Hinduism is dead in Hindutvavadi India.
I am referring to Hinduism that is open. Hinduism that is embracing. Hinduism that is dialogic. Hinduism that is decent.
Hinduism that I believed in my heart of hearts would withstand the Sanghi hate-filled propaganda machine and indoctrination camps.
As a stroke of irony, Hindutva has ushered in this death of Hinduism. The Sangh’s hate filled ideology has turned the spirit of Hindu India into a murderous collective that is all set to avenge its fictive concoction of the Muslim threat.
The imagery of Muslim violence is paradoxically the ideological tool for ongoing Hindu violence on India’s Muslim minorities, routinized into the everyday fabric of Hindu India. The Hindutvavadi state is an accomplice to, enabler of, and sponsor of this Hindutva violence.
All the civilizational talk of the revival of Hindu culture spearheaded by the Sangh stands in for the image of a Hindu India that is dark, primitive, and backward.
The Sanghi India is the harbinger for the degeneration of India into a Talibanesque nightmare for its Muslim minorities.
The Hindutvavadi version of Hinduism is regressive. Without any redeeming qualities. Bereft of its humanity. Bereft of its capacity to embrace a world of differences. Threat to India’s democracy and its constitutional legitimacy.
I mourn the death of Hinduism in the hands of Hindutva.
I am reminded that almost two decades back, in the U.S. Midwest as a graduate student, when prodded with naïve American comments such as, “You guys chant to the naked goddess [referring to Kali],” thinking to myself, “Hinduism [albeit referring to a privileged version of the religion] as a worldview, at least the worldview I grew up with, teaches syncretism.”
My Hinduism taught me to come to other diverse spiritual traditions with an open heart, not the close-mindedness that is the hallmark of Hindutva.
In the Midwest then, there were hardly any temples. When looking for inner conversations, I found solace in Churches. The conversation with the pastors or the bible reading groups at the churches would unfold somewhat like this:
“Do you believe in Christ?” the pastor would ask.
I would respond, “Yes. In fact, my grandmother’s altar at home had an image of Christ sitting beside images of Kali and Durga.”
The pastor would walk away befuddled, “How could you believe in all these pathways? That sounds confused.”

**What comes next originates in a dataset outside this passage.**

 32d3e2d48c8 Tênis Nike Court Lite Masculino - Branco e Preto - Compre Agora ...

In fact, that my grandmother had an altar in our mostly Marxist household and carried out her everyday rituals of prayers amid all the trade union activism in my household spoke to the syncretism that formed the fabric of India.

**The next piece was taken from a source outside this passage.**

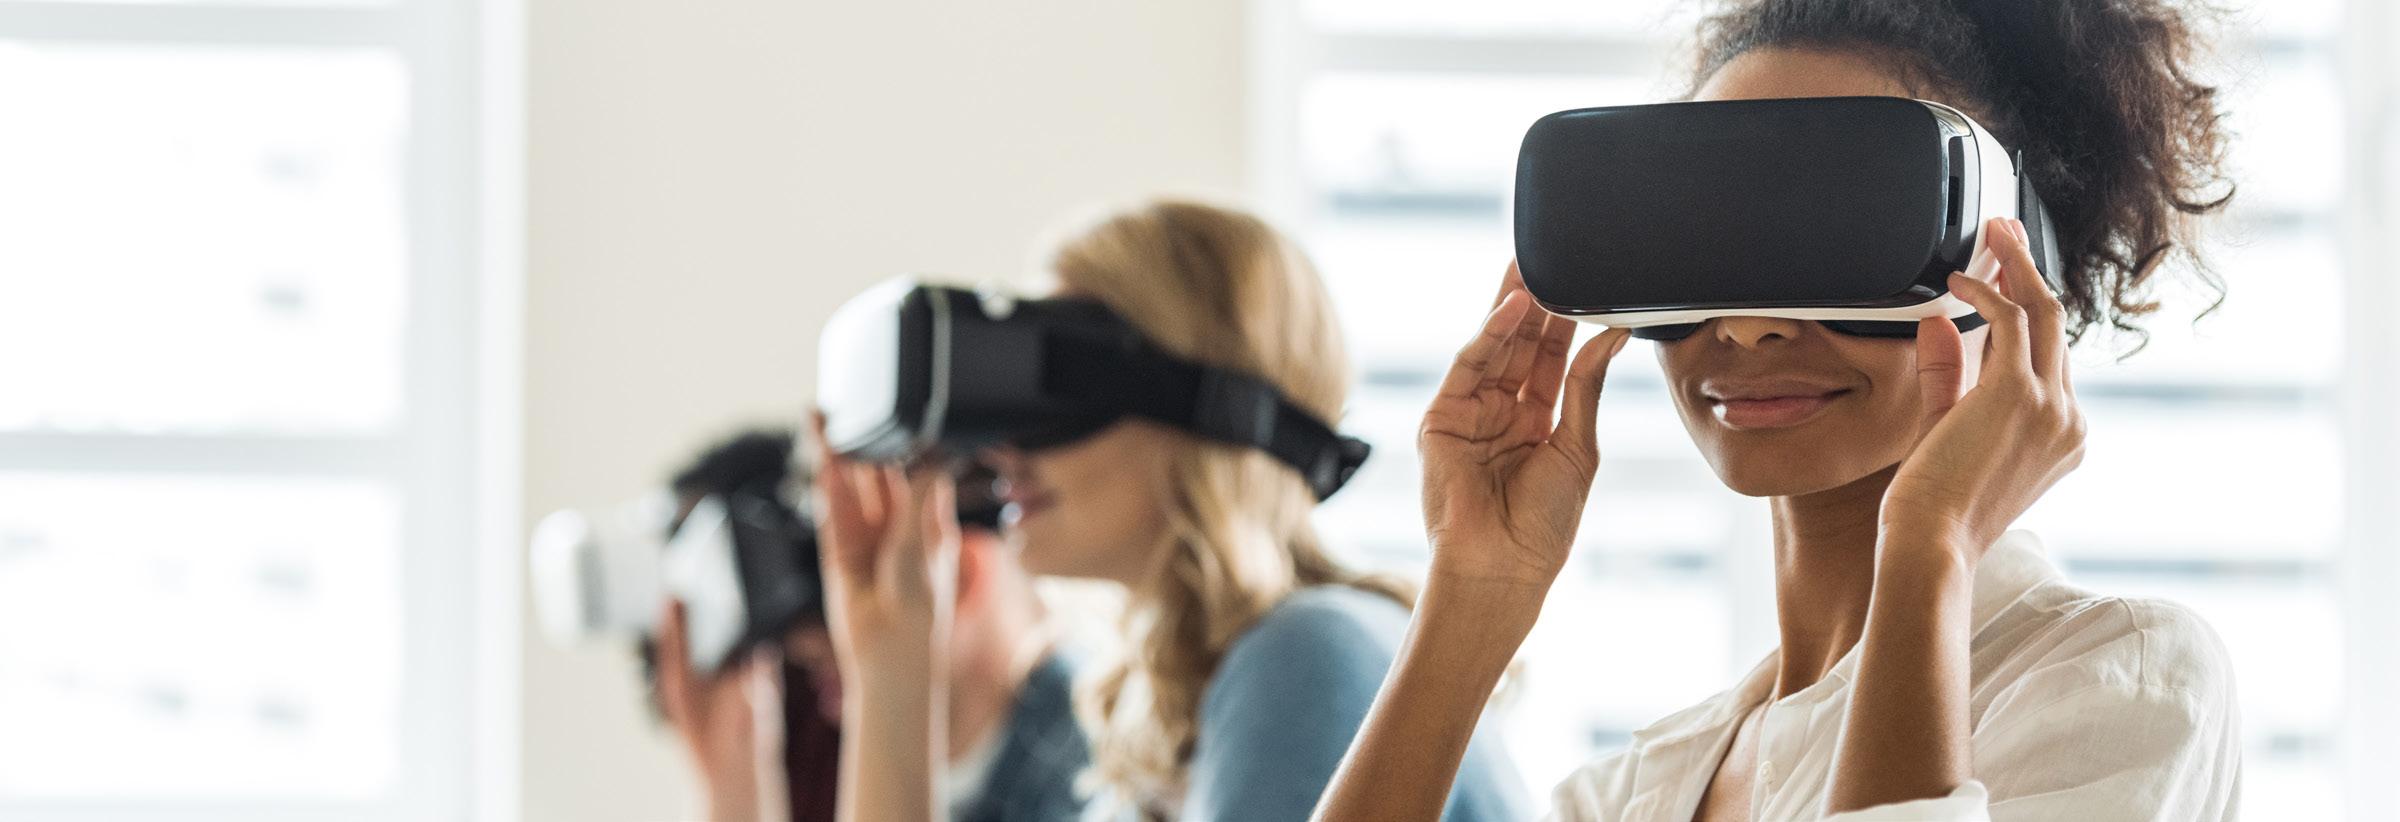 Augmented Reality and Virtual Reality Image

Worldviews could co-exist in this India.
Often colliding worldviews found ways of making room for each other, being together and engaging each other in dialogue and debate. That these worldviews could debate with each other with the greatest of passions also meant that those espousing the worldviews could move on into the everydayness of co-existence after the debate was over.
Hinduism offered an openness to a world of plurivocal conversations.
The Sangh’s ideology is a deliberate attack on this Hinduism. From the RSS training camps to the yatras to the riots orchestrated by the Sangh, the attack on Hinduism has long been coming. And in each of these earlier instances of the Sangh-catalyzed attacks, many decent Indians have stood up to the attack on Indian democracy. Beside Muslims and Christians and Buddhists and Jains and Jews and non-believers, Hindus have stood up to counter the hate-filled propaganda of the Sangh.
In the current version of Sangh’s India, the lynching of Muslims has also marked the systematic death of this Hinduism that is open and syncretic.
The karma of Hinduism, soaked in the blood of its Muslim minorities, has ushered in the degeneration of Hinduism itself. Now is urgently the time for decent Hindus to stand up and be counted.
I hope that the answer to my question, “Are there any decent Hindus left?” that began with a negative is yes.
Now is the time for Hindus that think of themselves as decent and progressive and embracing to step out in large numbers, joining hands with Muslims and Christians and Buddhists and Jains and Jews and non-believers, to decry the unholy Hinduism of hatred cultivated by the Sangh.
It is time that the Sanghi ideology of hatred is sent packing to its unholy pyre.